Ps...sorry for the edits don't mean to be so singular deleted a lot of I's..hate that chit cause I'm not really like that....not used to conveying thoughts in writing!


----------



## rottiman (Feb 4, 2012)

Great story, good on ya' M'am.  Your only as old as you wanna let yourself be.  Have a great day


----------



## rottiman (Feb 4, 2012)

And for Mrs. Gamma: your just a young un yet!!  Wish I was 43 again and know what I know now.........................You know when your gettin' old when it takes you all night to do what you used to do all night.  LOL


----------



## piejam (Feb 4, 2012)

You can call me M'am(wiseguy) just don't call me Madame

Thanks Rottiman....yeah sex goes from tri-weekly to try-weakly


----------



## yooperdave (Feb 4, 2012)

Big deal!  So they commented on the color of your hair and the length of your hair. 
 How do you think I felt when I was in line at the grocer's and my young son could'nt help but comment on the moustache the women in front of us was sporting???  Now that was funny!  Back in those days, she had a better moustache than a few of my friends.  Mrs.
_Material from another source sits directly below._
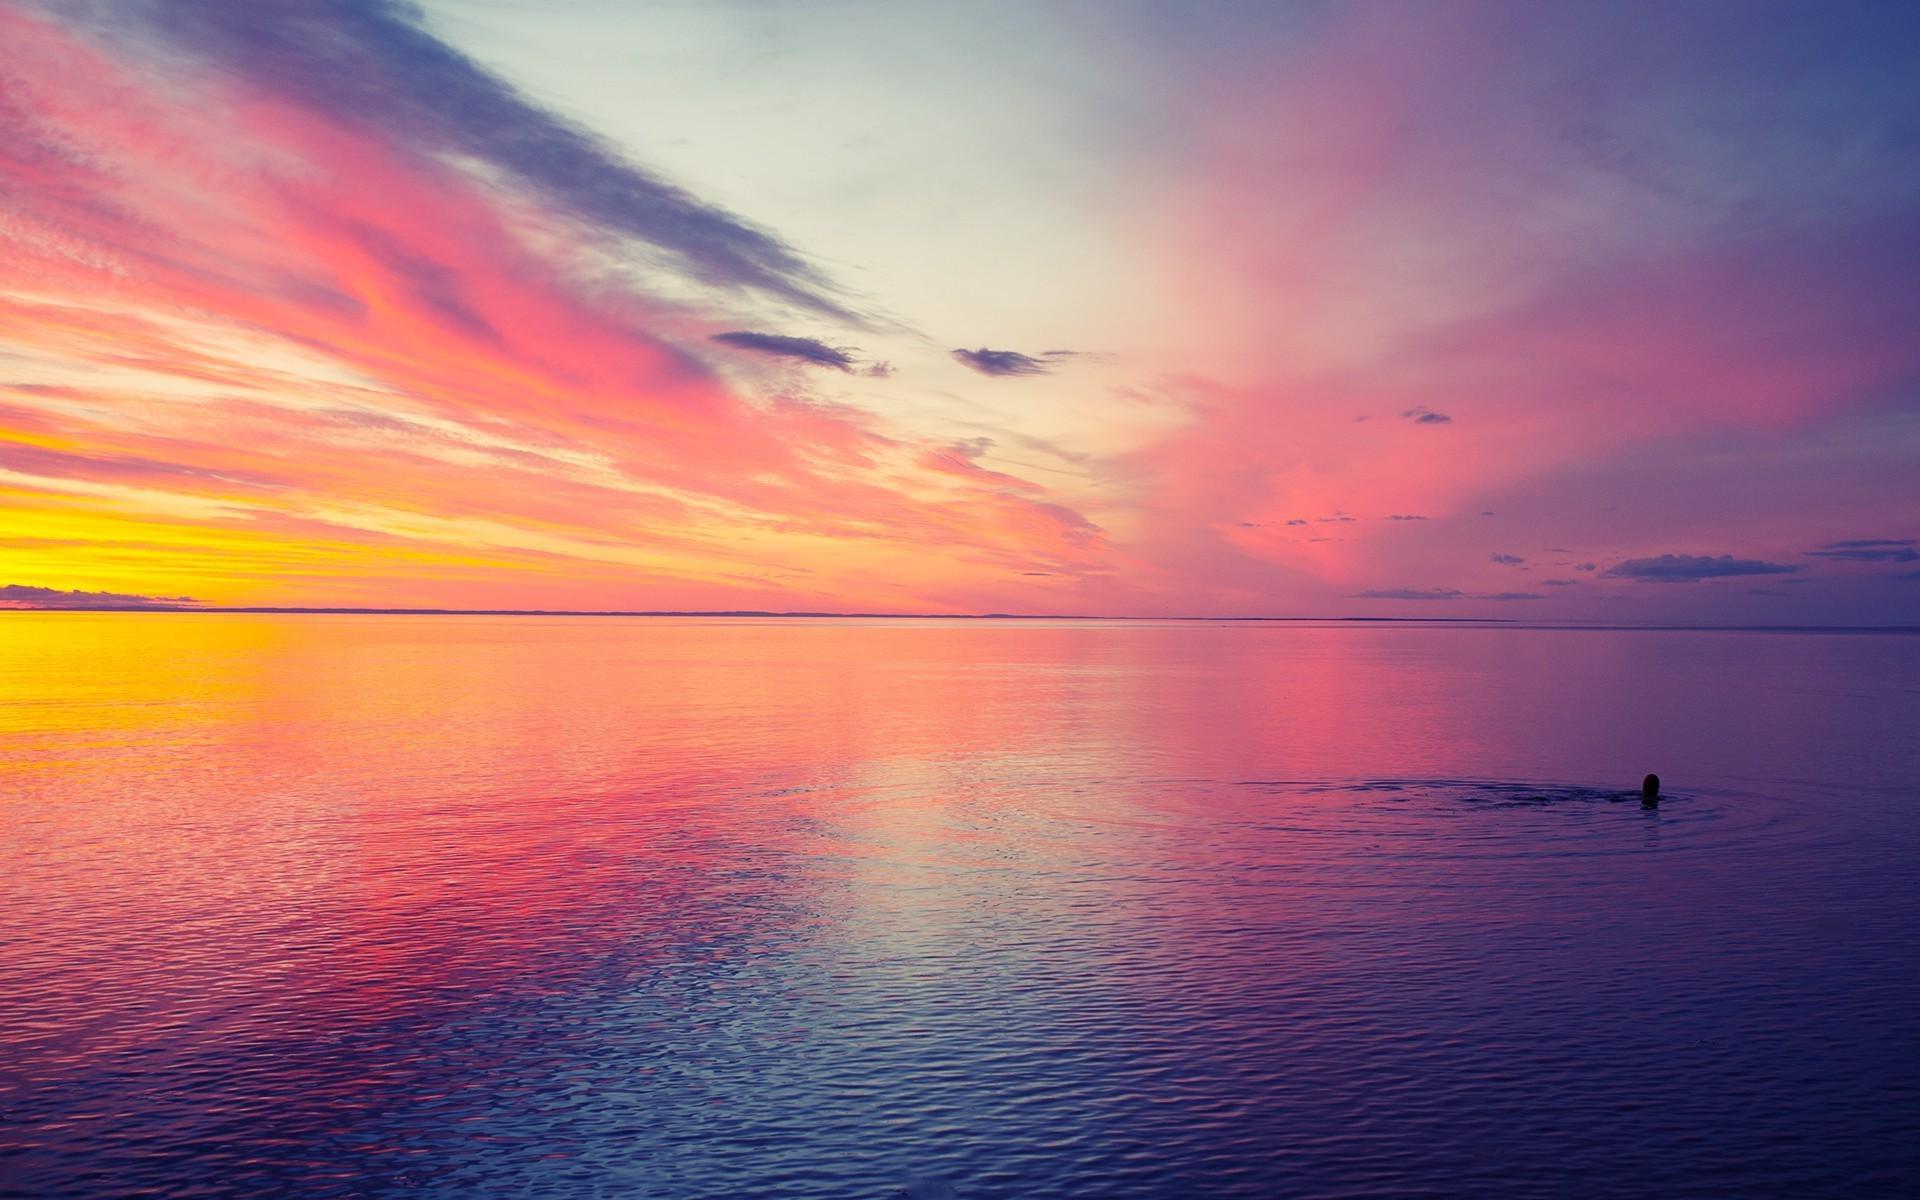 баренцевом разноцветное море картинки очень

Butterworth?


----------



## kenny chaos (Feb 4, 2012)

I hate it when I'm down working on something and my 21 yr. old son tries to help me up.
Then he laughs when I try to chase him.


----------



## piejam (Feb 4, 2012)

I think woman in general feel a little differently about aging..seeing your past self slipping away..Society certainly has it's prejudices..If ya see an older gent with a young thing..well he still has what it takes...

Turn the tables and a woman is called a cougar or some people comment on her being a slut...guess it's all a matter of perception.  As for me, truly not upset otherwise I would dye my hair..just thought it was funny and started to think about all the elements of aging..It's not a question of where you've been or how long but where you're at...I'd like to think that my hair and fine lines are a road map of who I am,where I've been, and where I'm going...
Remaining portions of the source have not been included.